On 04/18/2018 11:53 PM, Mark Kirkwood wrote:
Hi,
On 19/04/18 16:40, Wells Oliver wrote:
Had an issue tonight where I had a bunch of stalled queries from a client
connection and I just... could... not... kill... them. We disconnected
the client machine, turned it off, picked it up, shook it around, yelled
at it, and still these idle queries remained in pg_stat_activity.
Then I did select pg_cancel_backend(pid) from pg_stat_activity where
client_addr = '..' and they just would... not... go.. away.
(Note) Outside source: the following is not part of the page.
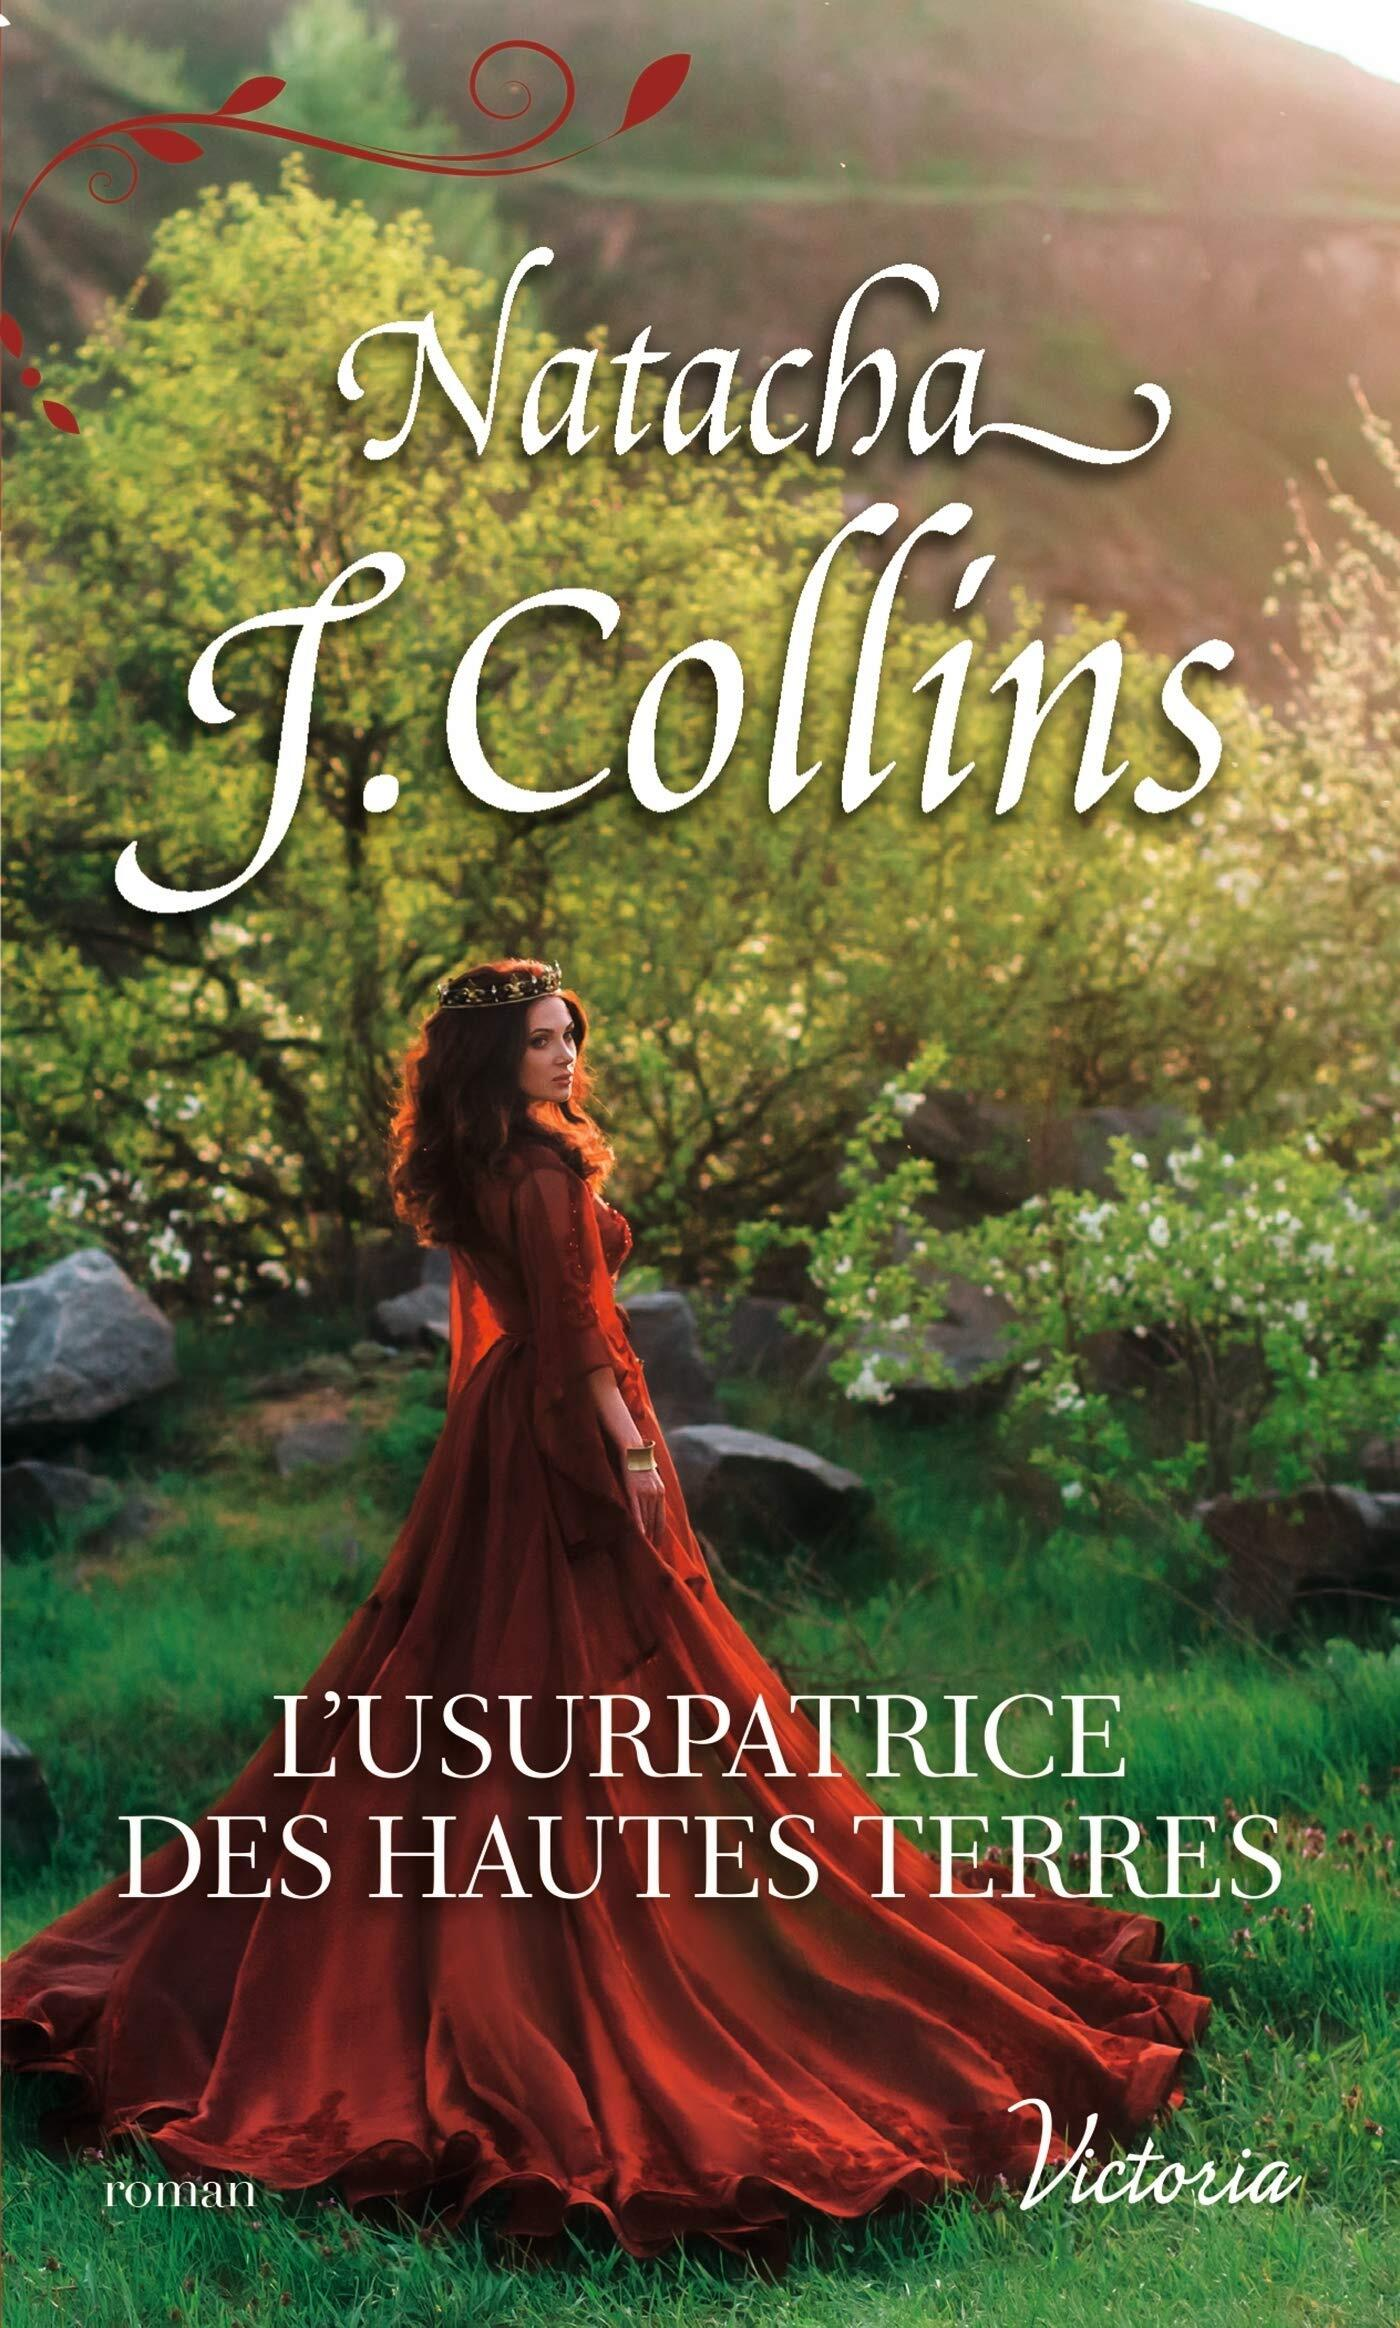 cdn1.booknode.com/book_cover/1288/full/le-souffle-des-highlands-tome-4-l-usurpatrice-des-hautes-terres-1287977.jpg

So me being the big smart system administrator guy with shell access, I
logged in, and did a kill -9 xxx where xxx was the sme pid from the
pg_stat_activity result and... they finally went away!
Felt good about myself until I realized, well, so did every other
connection, and in fact PG momentarily went into recovery mode.
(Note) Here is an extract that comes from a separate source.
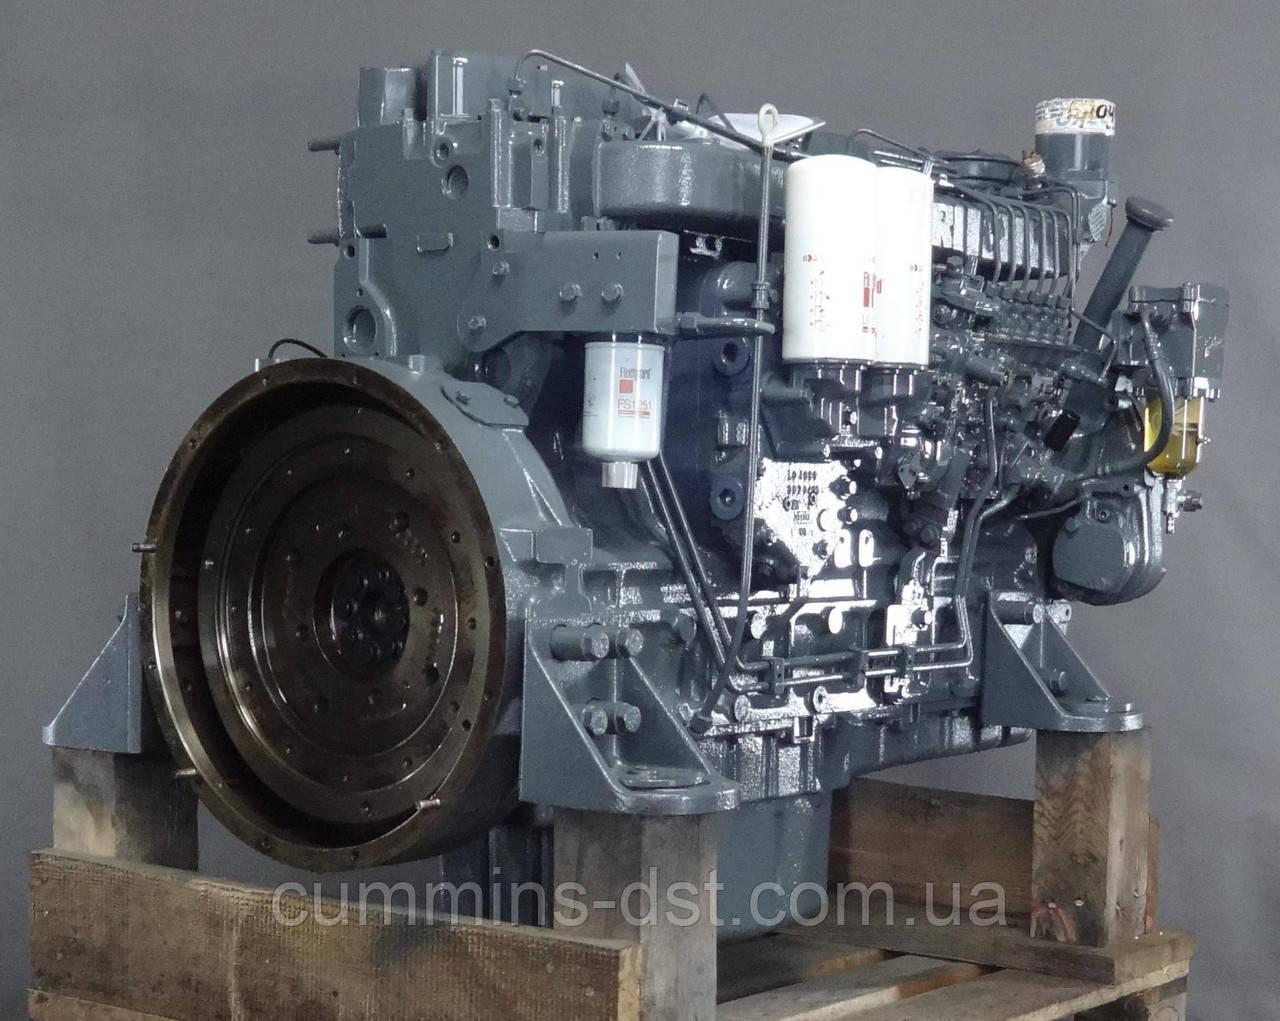 Двигатель Б/У Liebherr D 926 TI-E

Everything was fine, but a) why is it a bad idea to kill -9 a client PG
process, but pg_cancel_backend() is OK-- and b) what to do about stalled
PG queries that won't die when you disconnect AND when you
pg_cancel_backend() them?
Did you try pg_terminate_backend? I'm guessing that might not have worked
either...but is worth it trying before belting them with kill -9!
+1 to pg_terminate_backend. On the rare occasion pg_cancel_backend doesn't
work, I hit the pid with pg_terminate_backend, and that always works.
--
Angular momentum makes the world go 'round.